Landkreis Holzminden (red). Sie haben früher Feierabend und am Monatsende mehr Geld im Portemonnaie: Vollzeitbeschäftigte, die im Kreis Holzminden nach Tarif bezahlt werden, arbeiten pro Woche fast eine Stunde weniger als Arbeitnehmer, in deren Firma kein Tarifvertrag gilt. Auch in puncto Bezahlung sind Tarif-Beschäftigte klar im Vorteil – und verdienen im Monat durchschnittlich fast 900 Euro mehr. Darauf hat die Gewerkschaft Nahrung-Genuss-Gaststätten hingewiesen. Die NGG-Region Hannover beruft sich hierbei auf eine aktuelle Studie der Hans-Böckler-Stiftung. Danach beläuft sich die wöchentliche Arbeitszeit in tarifgebundenen Betrieben in Niedersachsen bei Vollzeit auf 38,5 Stunden. Ohne Tarifvertrag sind es 39,4 Stunden. Das tarifliche Monatseinkommen liegt aktuell bei rund 3.880 Euro (ohne Tarif: 2.990 Euro).
„In wirtschaftlich unsicheren Zeiten werden die Vorteile von Tarifverträgen besonders deutlich. Sie bieten häufig auch einen besseren Schutz vor Kündigungen und regeln vielfach die Aufstockung des Kurzarbeitergeldes“, sagt NGG-Regionalchefin Lena Melcher. Hinzu komme der Einfluss von Betriebsräten: In Branchen wie der Ernährungsindustrie oder dem Bäckerhandwerk kümmerten sich die Arbeitnehmervertreter etwa um den Schutz vor Corona-Infektionen im Job – und sorgten dafür, dass Auftragsspitzen oder -rückgänge nicht zulasten der Beschäftigten gingen. Nach Angaben der Arbeitsagentur beschäftigt das Lebensmittel- und Gastgewerbe im Landkreis Holzminden aktuell rund 1.400 Menschen.

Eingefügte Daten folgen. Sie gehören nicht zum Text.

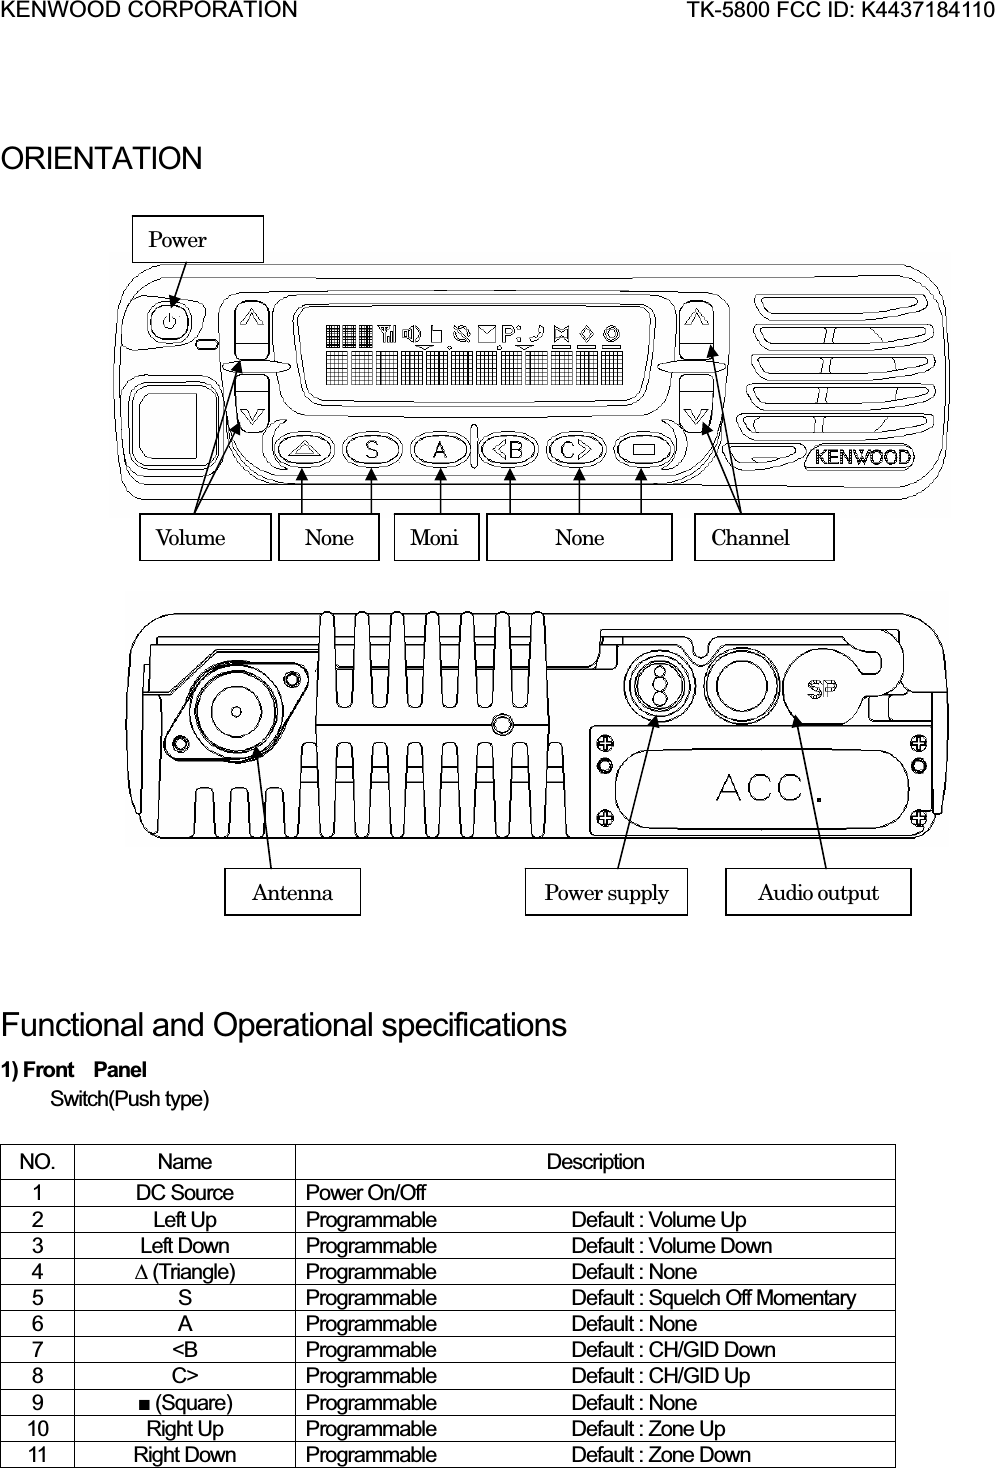 KENWOOD CORPORATION                               TK-5800 FCC ID: K4437184110 ORIENTATIONFunctional and Operational specifications 1) Front  Panel        Switch(Push type)                   NO. Name  Description 1 DC Source Power On/Off 2  Left Up  Programmable    Default : Volume Up 3  Left Down  Programmable    Default : Volume Down 4¨ (Triangle)  Programmable    Default : None 5  S  Programmable    Default : Squelch Off Momentary 6  A  Programmable    Default : None 7  &lt;B  Programmable    Default : CH/GID Down 8  C&gt;  Programmable    Default : CH/GID Up 9Ŷ (Square)  Programmable    Default : None 10  Right Up  Programmable    Default : Zone Up 11  Right Down  Programmable    Default : Zone Down            Volume  ChannelMoniNone  None Audio output Antenna  Power supply Power

Mit Sorge betrachtet die NGG jedoch, dass immer mehr Unternehmen einen Bogen um Tarif-Standards machten. Laut Böckler-Stiftung galt zuletzt nur noch für 56 Prozent aller niedersächsischen Beschäftigten ein Tarifvertrag. Im Jahr 2003 waren es noch 73 Prozent. Die Politik dürfe der Tarifflucht nicht länger tatenlos zusehen, fordert Gewerkschafterin Melcher: „Es ist gut, dass sich die Ampel-Koalition vorgenommen hat, die Mitbestimmung weiterzuentwickeln. Den Ankündigungen müssen nun aber auch Taten folgen.“
So müssten die Rechte von Betriebsräten etwa bei den Themen Arbeitszeiterfassung, Personalbemessung und damit Arbeitsbelastung sowie Weiterbildung erweitert werden. Außerdem könnten Tarifverträge über sogenannte Allgemeinverbindlichkeitserklärungen für ganze Wirtschaftszweige verpflichtend gemacht werden. „Dies würde gerade Beschäftigten in kleinen Betrieben wie Gaststätten, Pensionen und Bäckereien zugutekommen“, so Melcher weiter.